Sunday, September 27, 2009

A Sociological Imagination Applied

Most of us pursue a PhD in Sociology for some reason beyond,
or perhaps within, our selves: a theoretical piece – like Baudrillard’s
America – demonstrated the creativity of theory… sociologists on
the syllabi of our undergraduate Critical Race and Women’s Studies
courses discussed social injustices in ways in which we had yet to
consider... a Research Methods class demonstrated the applicability
of Sociology – both theory and methods – as a tool to eliminate
social injustices. And for those of us who choose Sociology because
if these– or myriad other reasons – we struggle with how to dutifully
apply our budding Sociological Imaginations – both abstractly and
in praxis.

Within the tension of this struggle I choose to pursue the
Sociological Adventure. I also choose to volunteer time –
what little I can afford as a graduate student – at a Washington,
DC nonprofit actively utilizing their own Sociological Imagination.
I volunteer at Sojourners – a nearly 40 year-old faith-based social
justice nonprofit in the heart of the District’s ever changing – for
better and worse – Columbia Heights neighborhood.
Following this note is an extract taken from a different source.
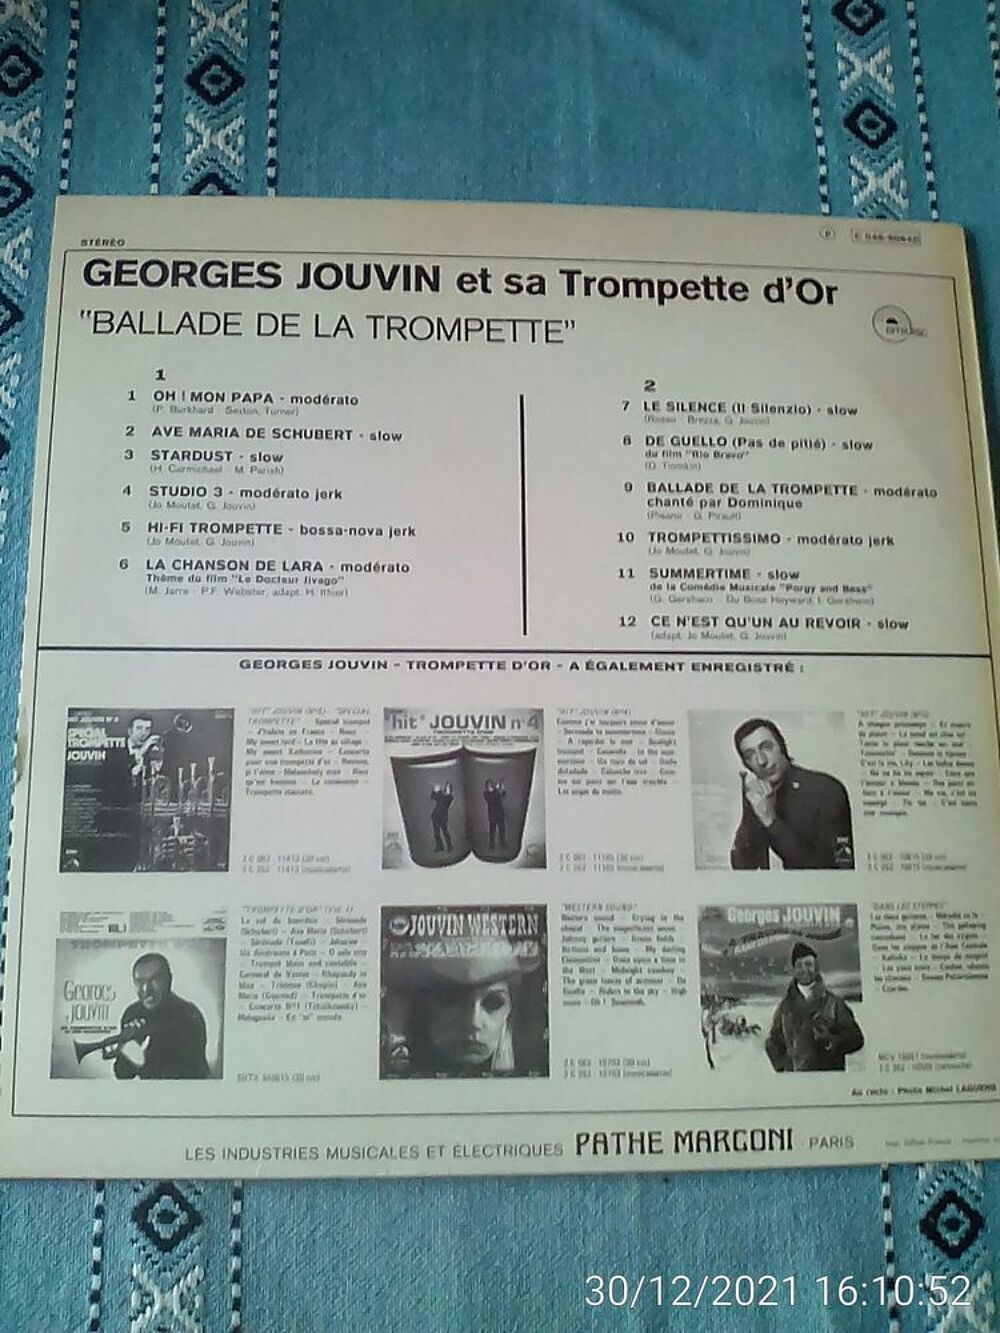 Vinyle 33T TROMPETTE D'OR ? GEORGES JOUVIN CD et vinyles

Though the
organization doesn’t provide direct-care services to people in the
neighborhood, it instead mobilizes activists and builds coalitions
among both secular and non-secular organizations fighting against
such oppressions as poverty, racism and those fighting for such
reforms as immigration and health care parody. In doing so,
Sojourners partners with organizations like World Vision, Oxfam,
and ONE.

So, while I don’t provide direct-care to people, I do get to interact
with folks who consider themselves activists, many since the Civil
Rights Movement. I’ve learned of their narratives as social
activists, volunteered side-by-side with them at huge mobilizations
and Capital Hill rallies, and have been able to witness and
experience sweat and tears as natural components to organizing
massive campaigns against the constantly fluctuating backdrop
of Washington, DC. While the nonprofit isn’t perfect (what
organizations are?), spending time within an organization founded
upon Sociological grassroots ideologies has both sharpened and
expanded my Sociological Imagination.

The potential and application of our Sociological Imaginations aren’t
limited to the classroom, our comprehensive exams, or even our
dissertations. Our Sociological Imagination extends beyond our
selves and our academically gated community to a political,
economic, and social world in much need of our Imaginations!
So, I definitely encourage you, whether you’re just beginning
your Sociological Adventure or are further along and in the midst
of one of its valleys to give what time you can to organizations,
relationships, and people that need you. I can testify that it’s
a reciprocal relationship, for the better.